To do: With every picture left out, give the data below back exactly.

Available data:
---+---
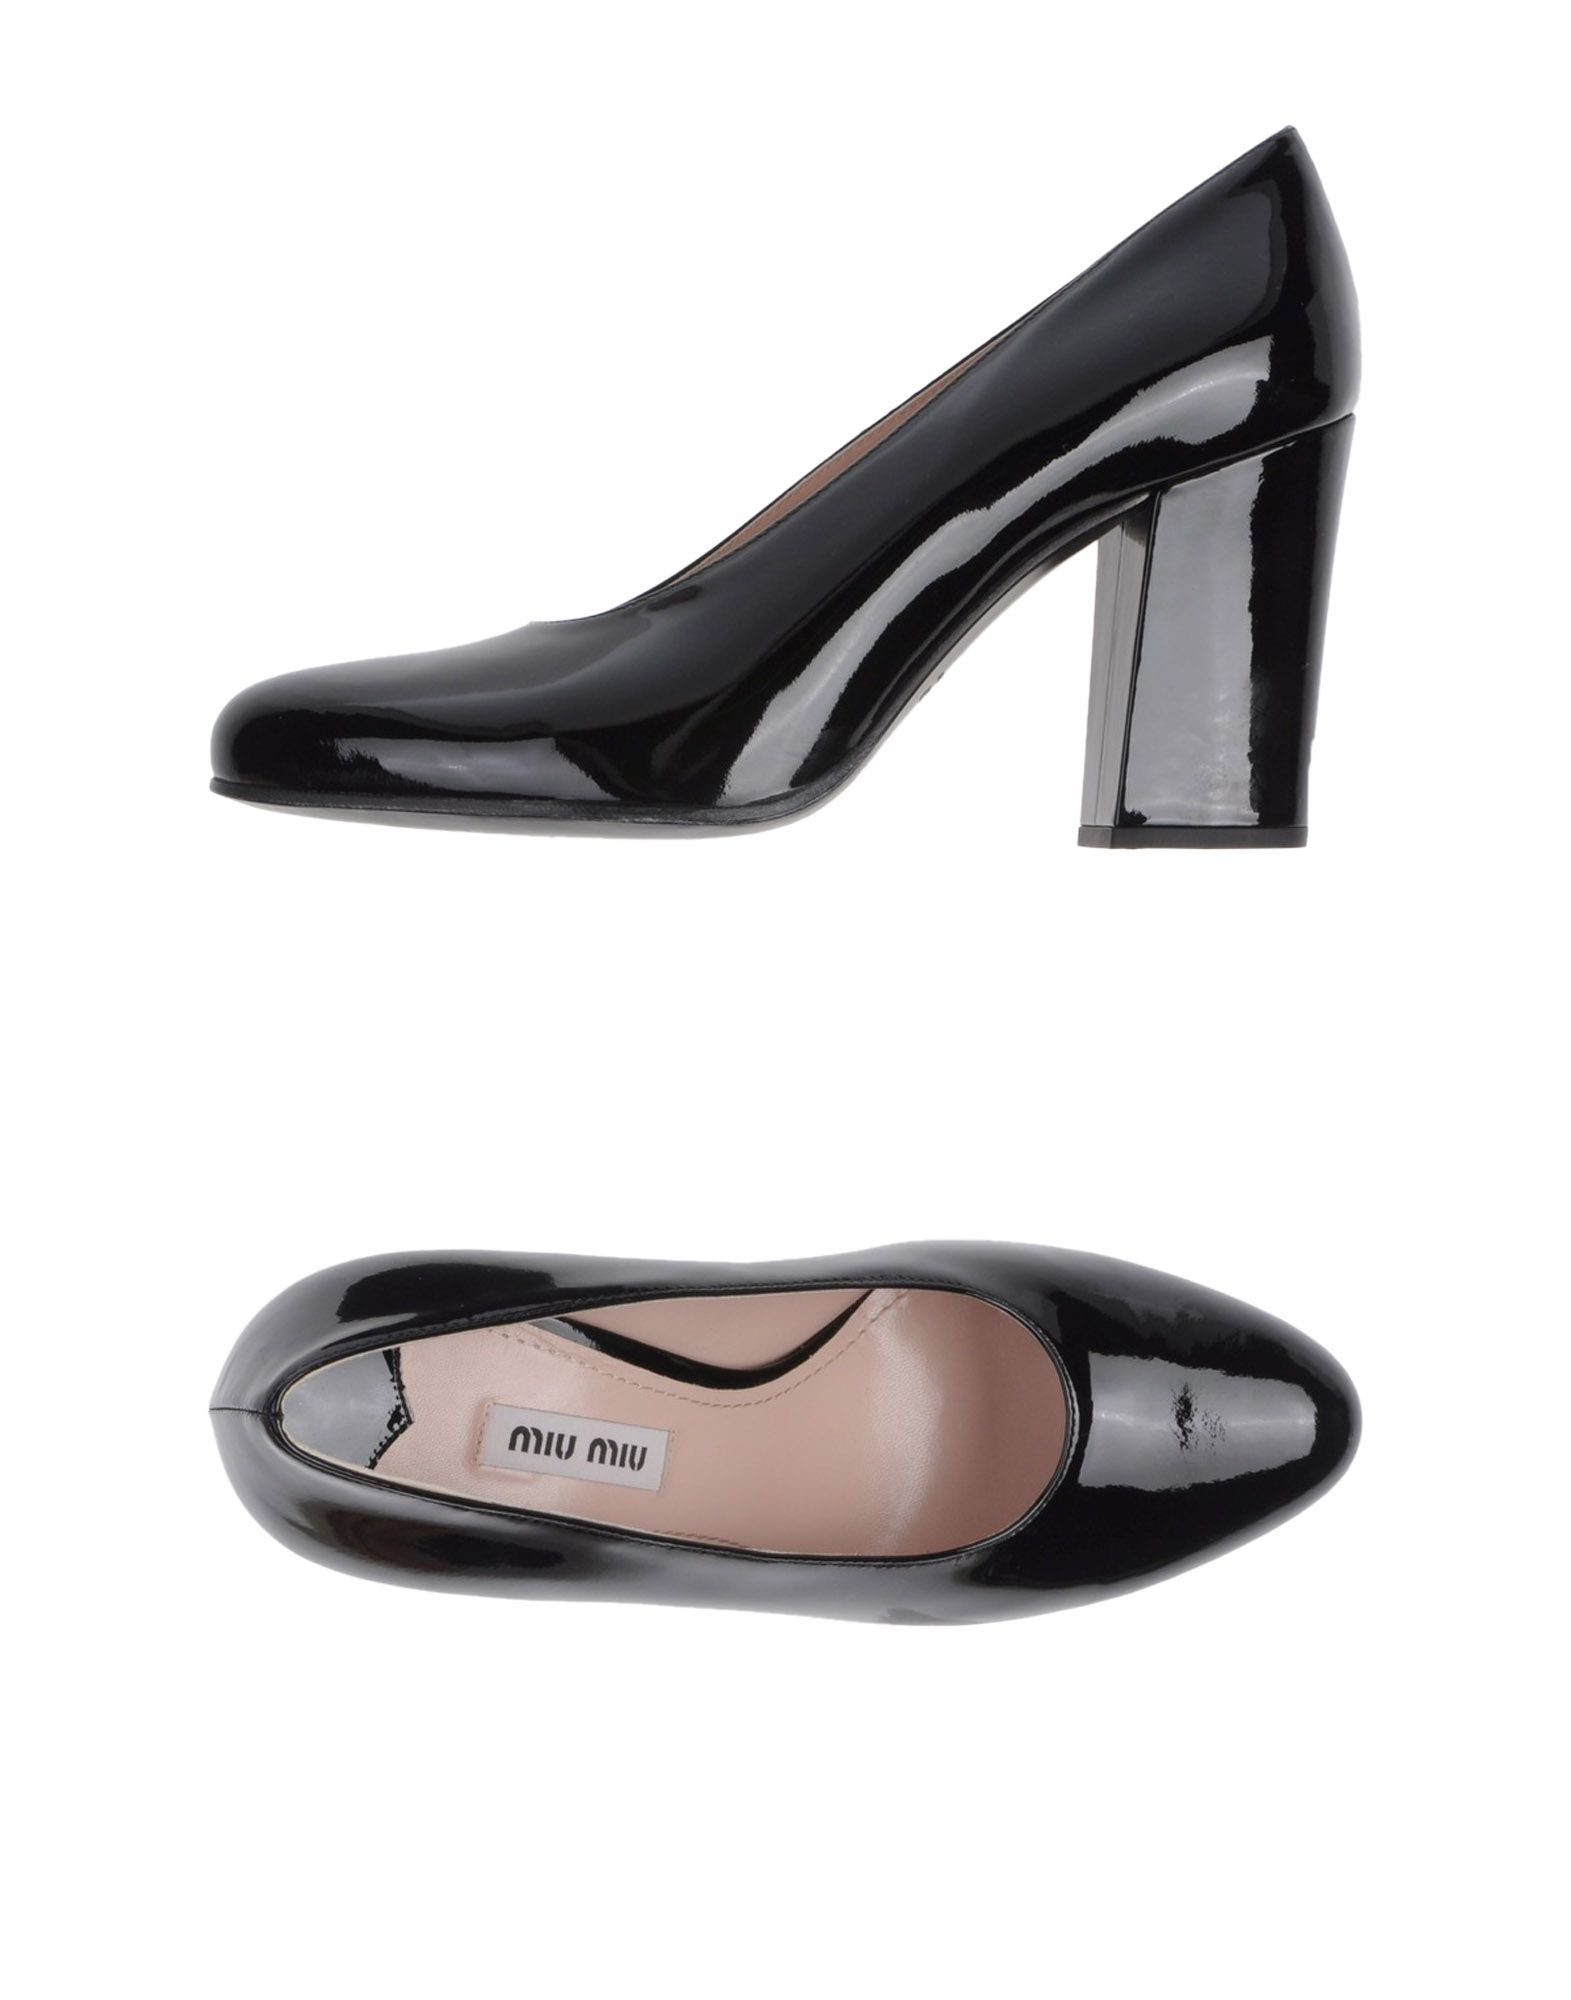 Escarpins Miu Miu Femme - Escarpins Miu Miu Noir Dernières chaussures discount pour hommes et femmes
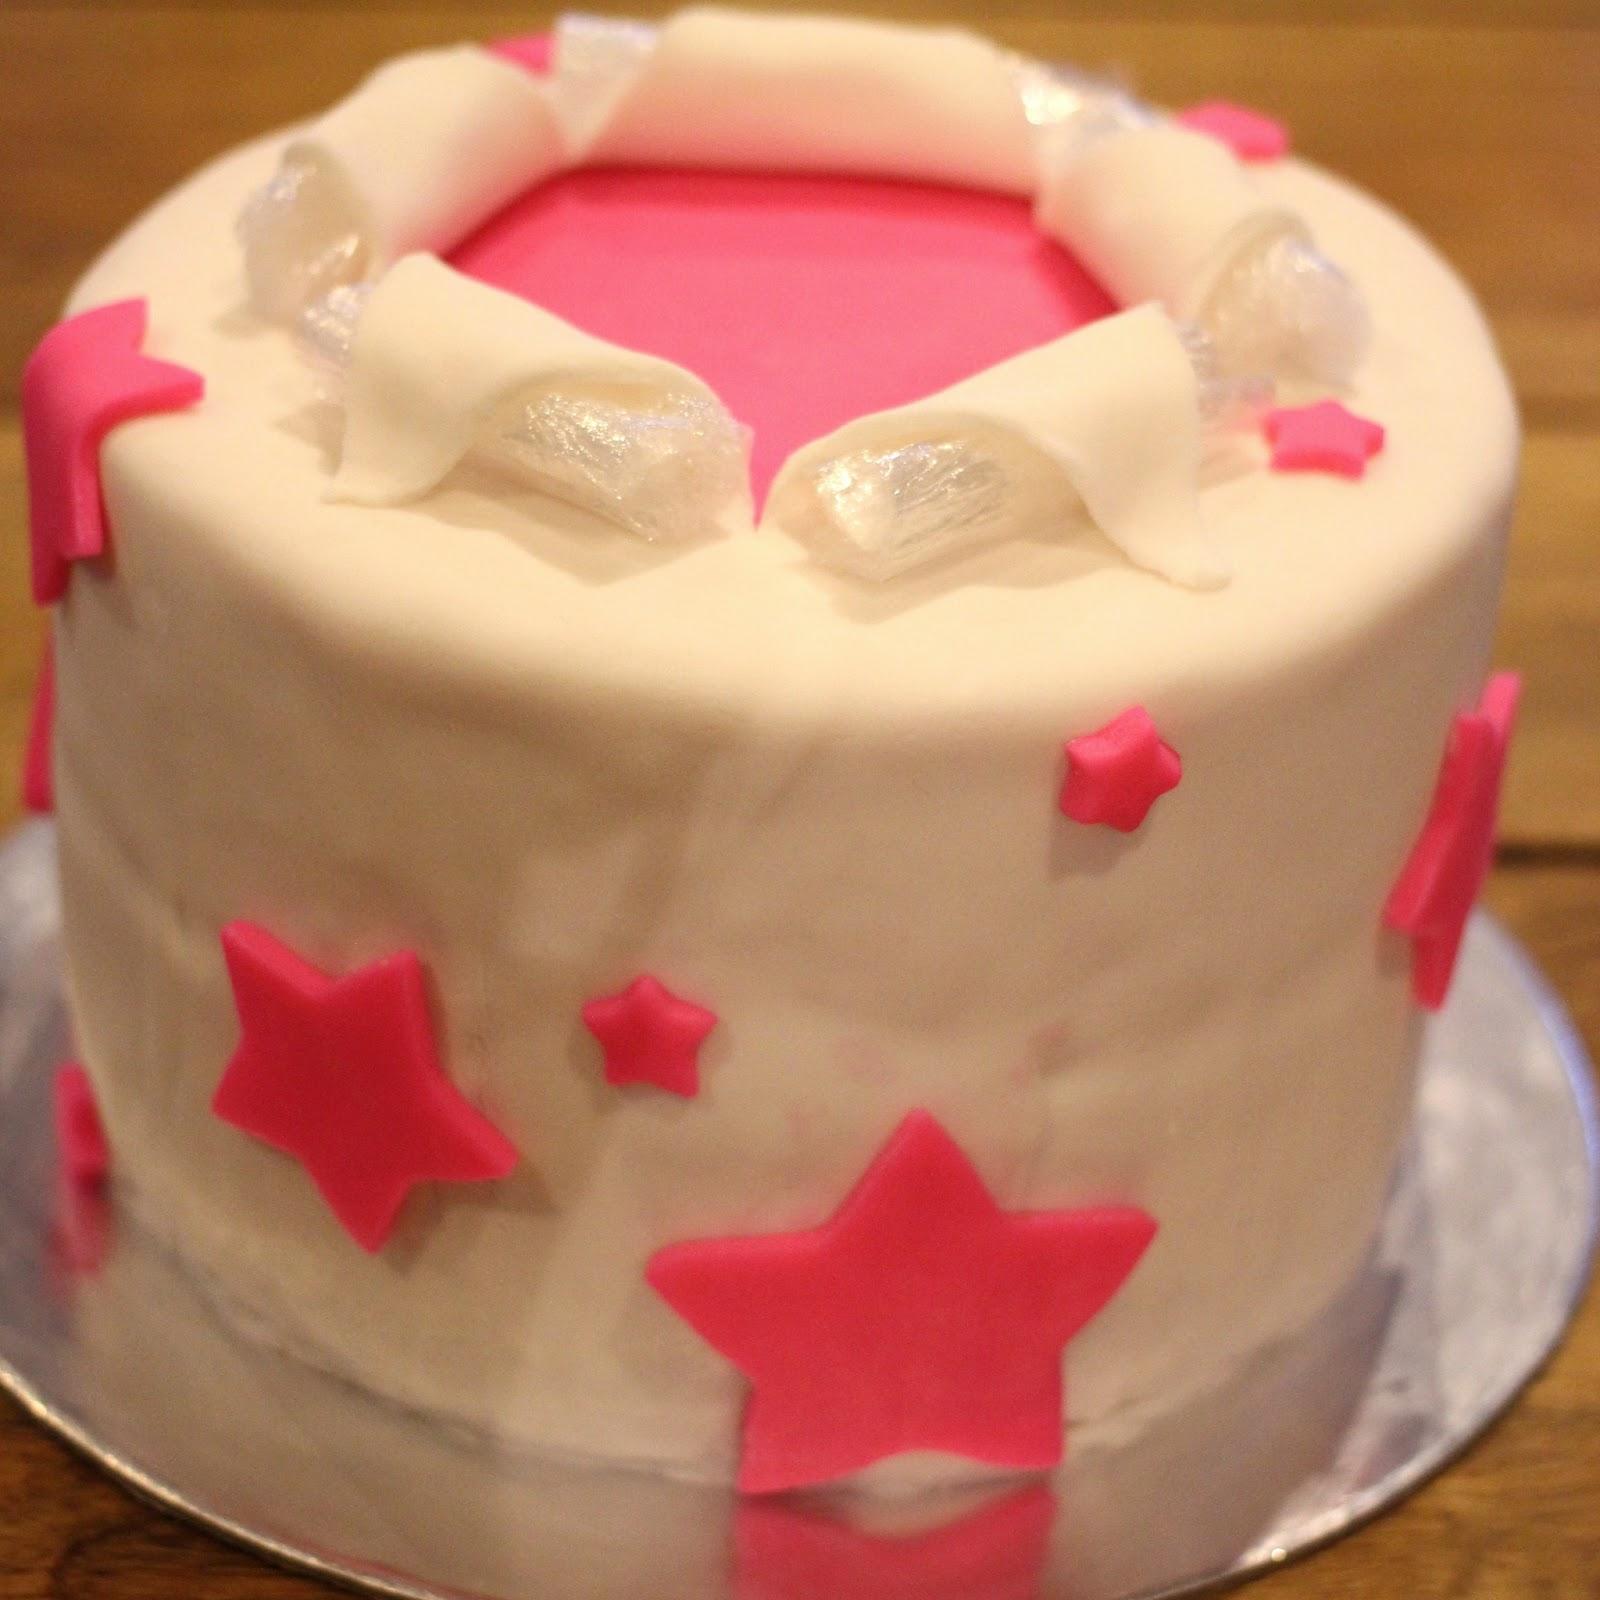 Putting Fondant Over Messy Cake
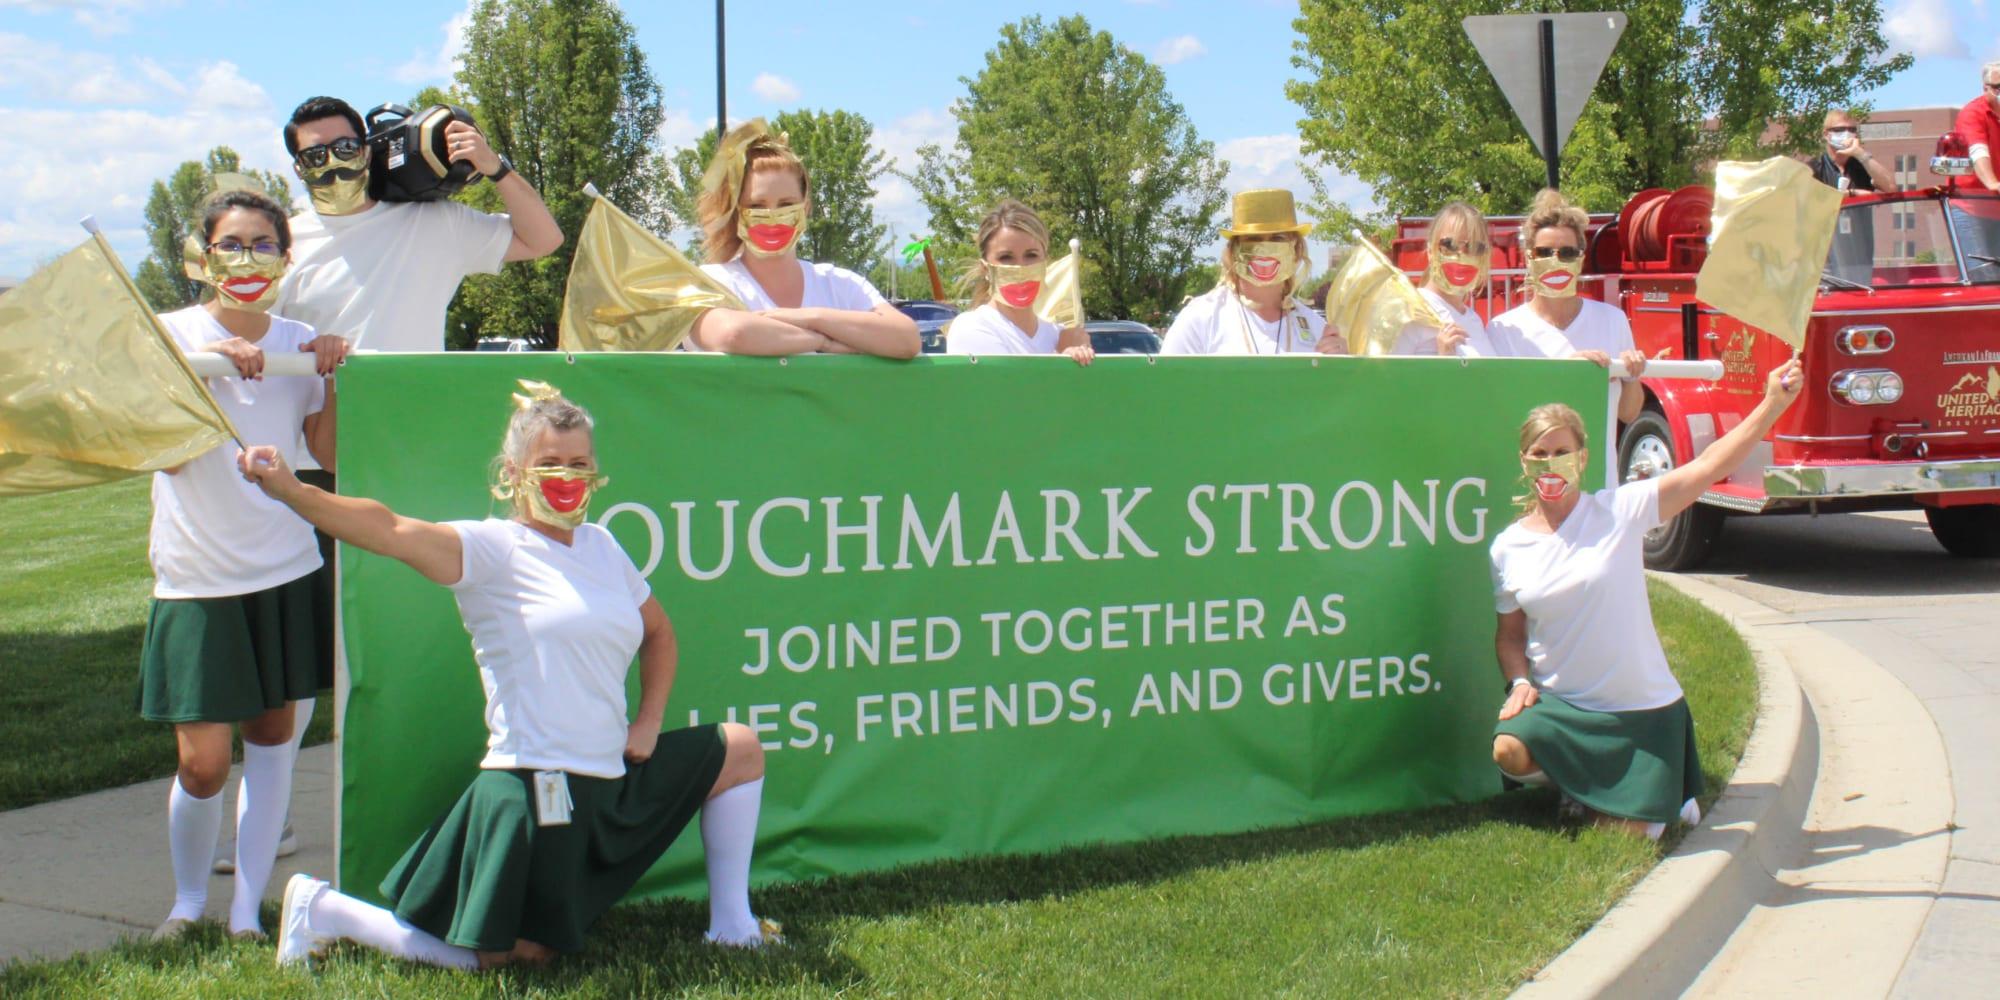 Touchmark Central Office in Beaverton, Oregon
---+---
Exercise answer:
 Escarpins Miu Miu Femme - Escarpins Miu Miu Noir Dernières chaussures discount pour hommes et femmes
 Putting Fondant Over Messy Cake
 Touchmark Central Office in Beaverton, Oregon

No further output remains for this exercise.